▼
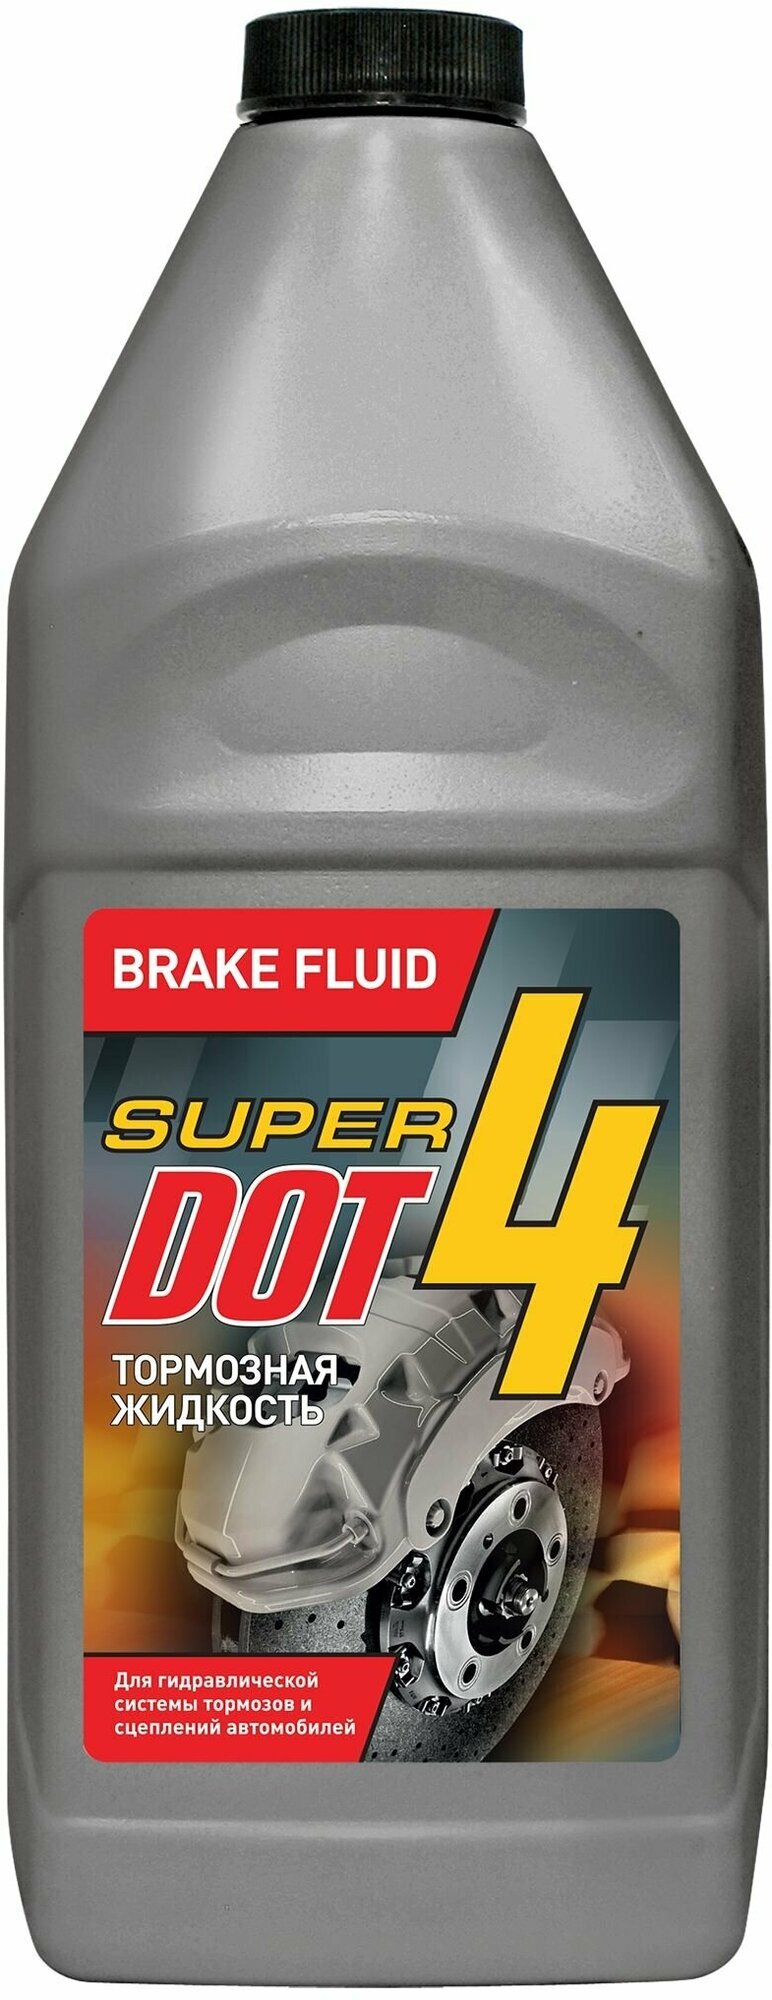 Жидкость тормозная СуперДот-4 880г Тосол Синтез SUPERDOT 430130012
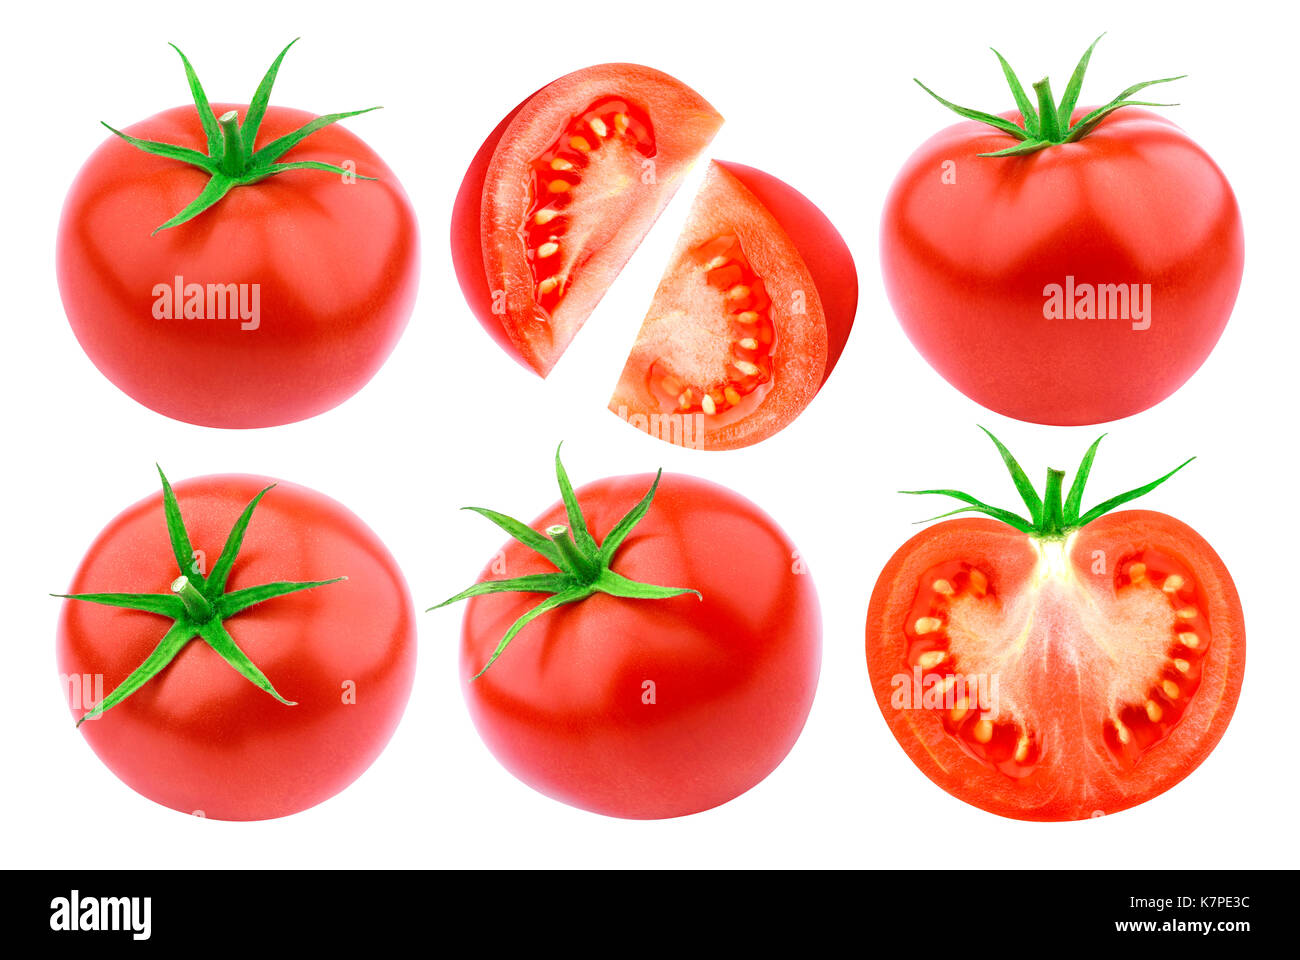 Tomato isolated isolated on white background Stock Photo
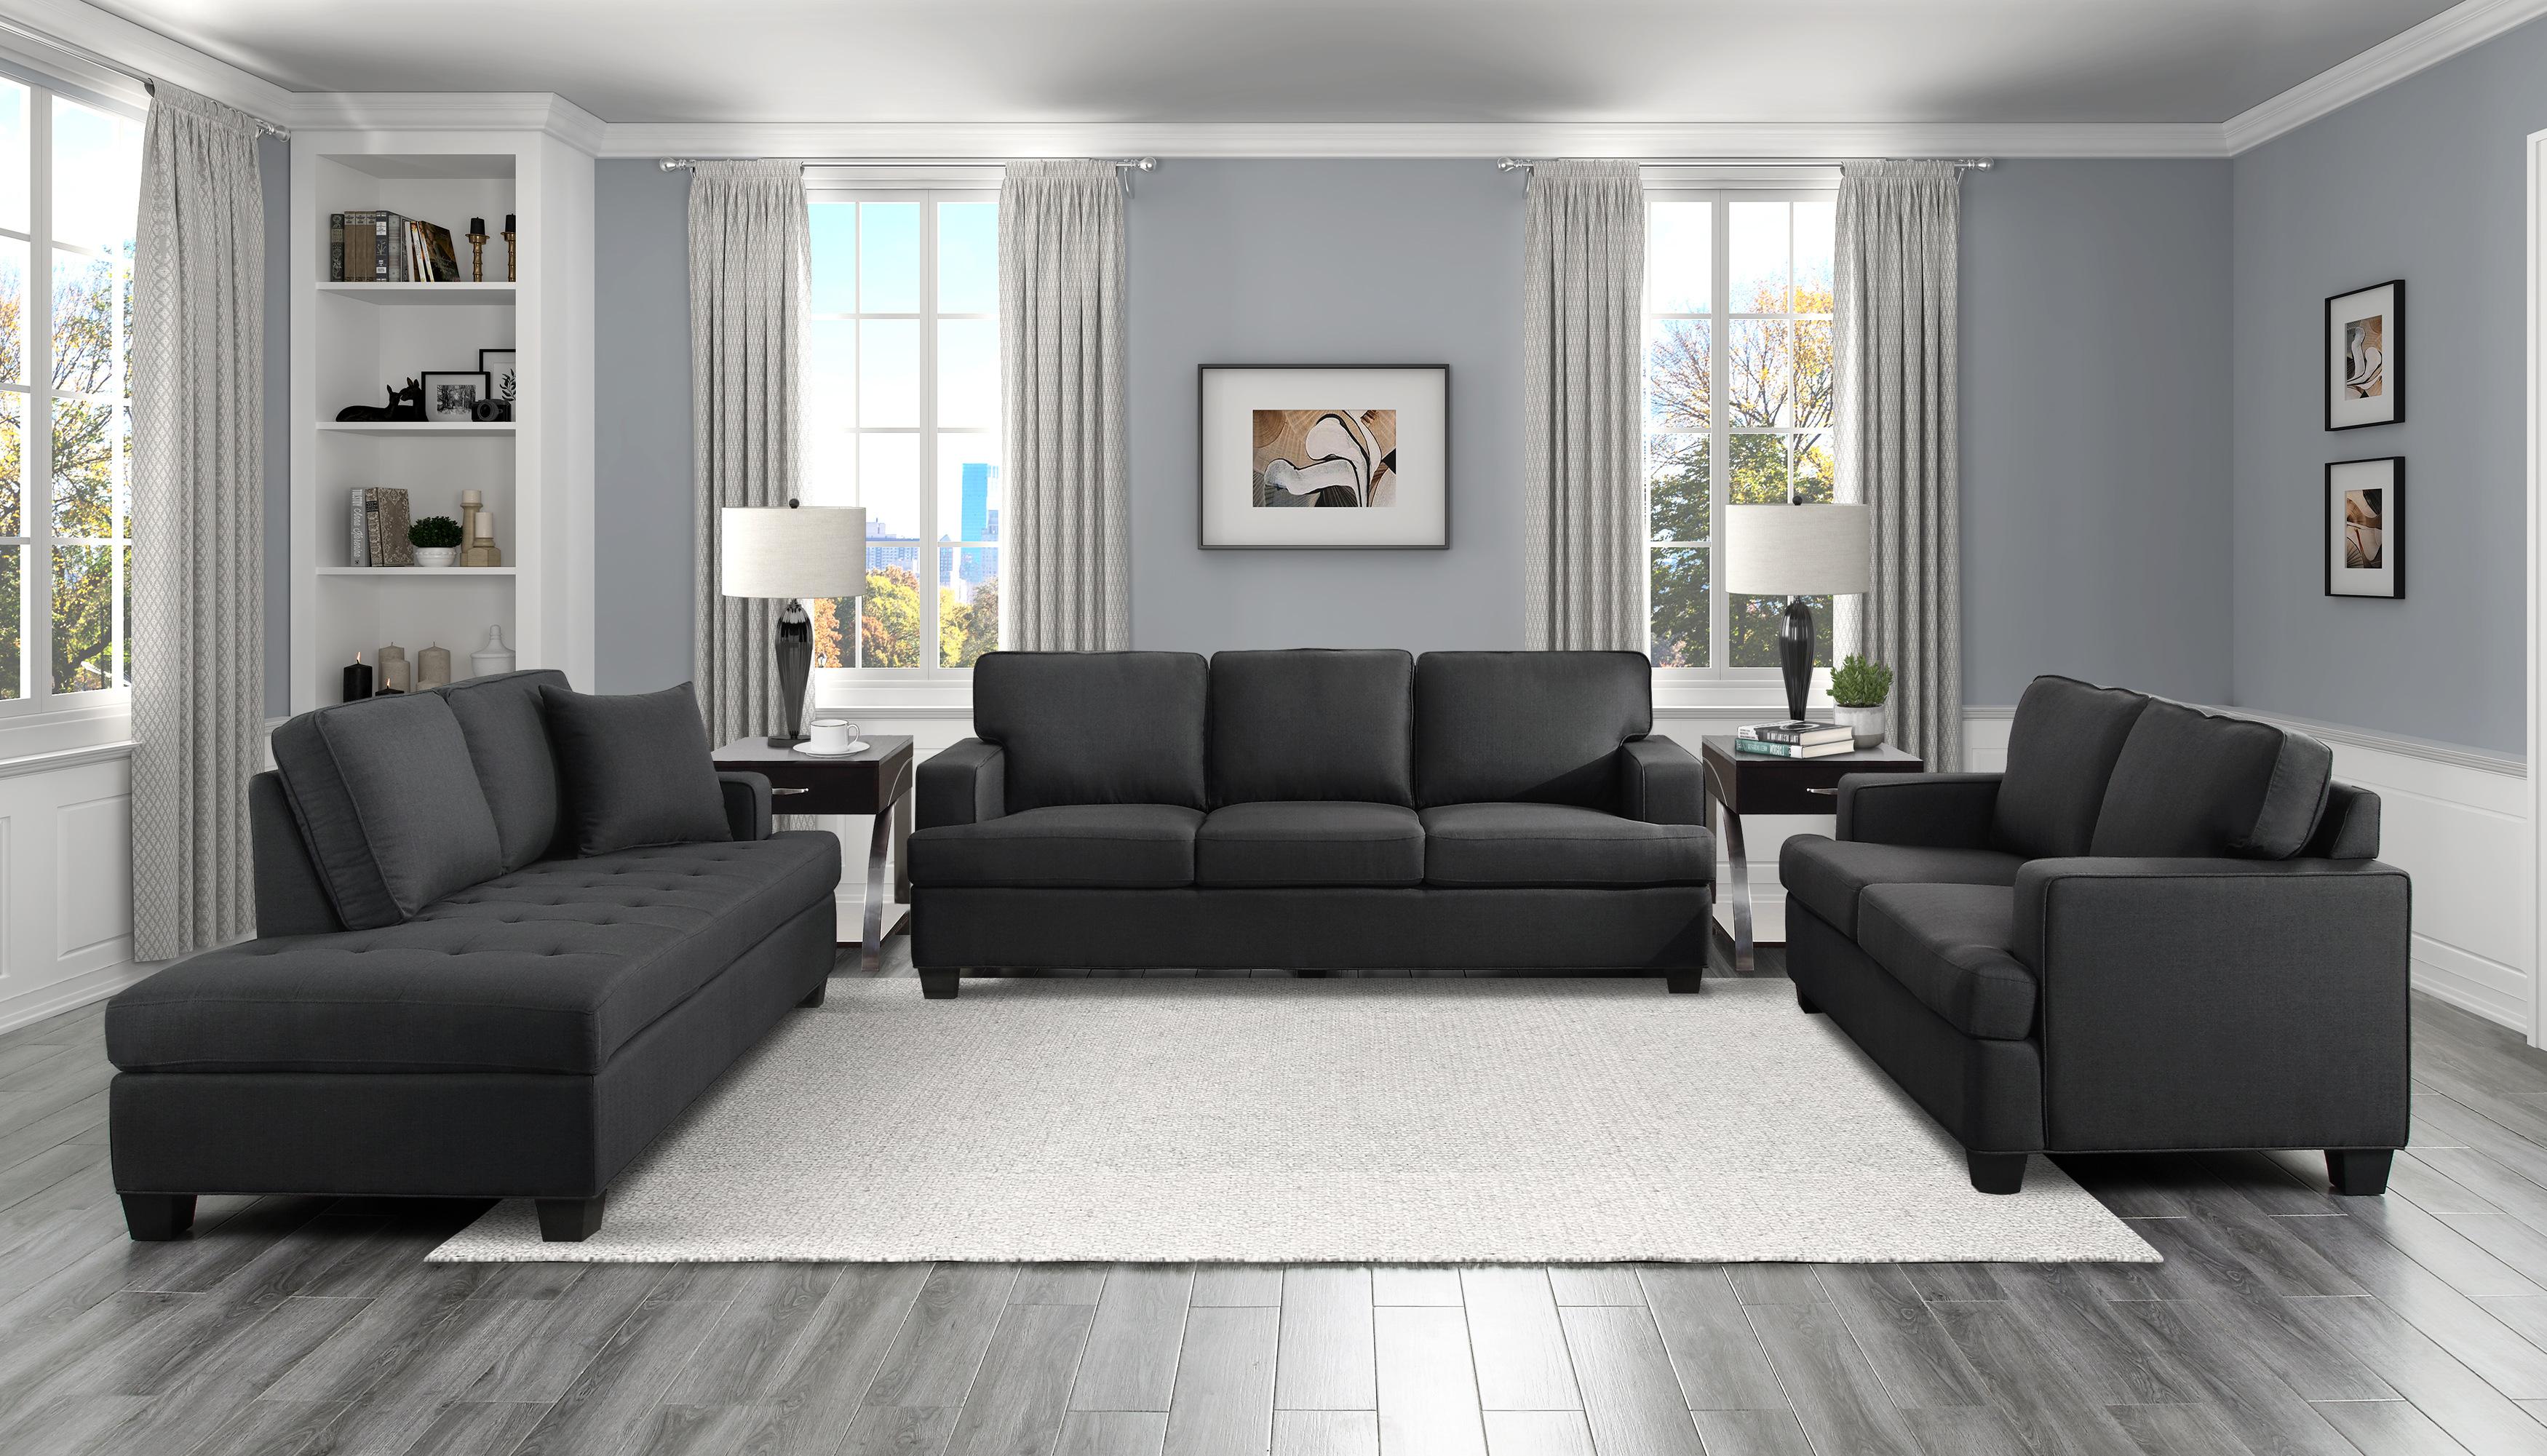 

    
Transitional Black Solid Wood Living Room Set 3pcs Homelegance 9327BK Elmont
▲
WORK TASK: Everything in the data above, apart from the pictures, should be retyped exactly.

RESULT OF THIS TASK:
 Жидкость тормозная СуперДот-4 880г Тосол Синтез SUPERDOT 430130012
 Tomato isolated isolated on white background Stock Photo

    
Transitional Black Solid Wood Living Room Set 3pcs Homelegance 9327BK Elmont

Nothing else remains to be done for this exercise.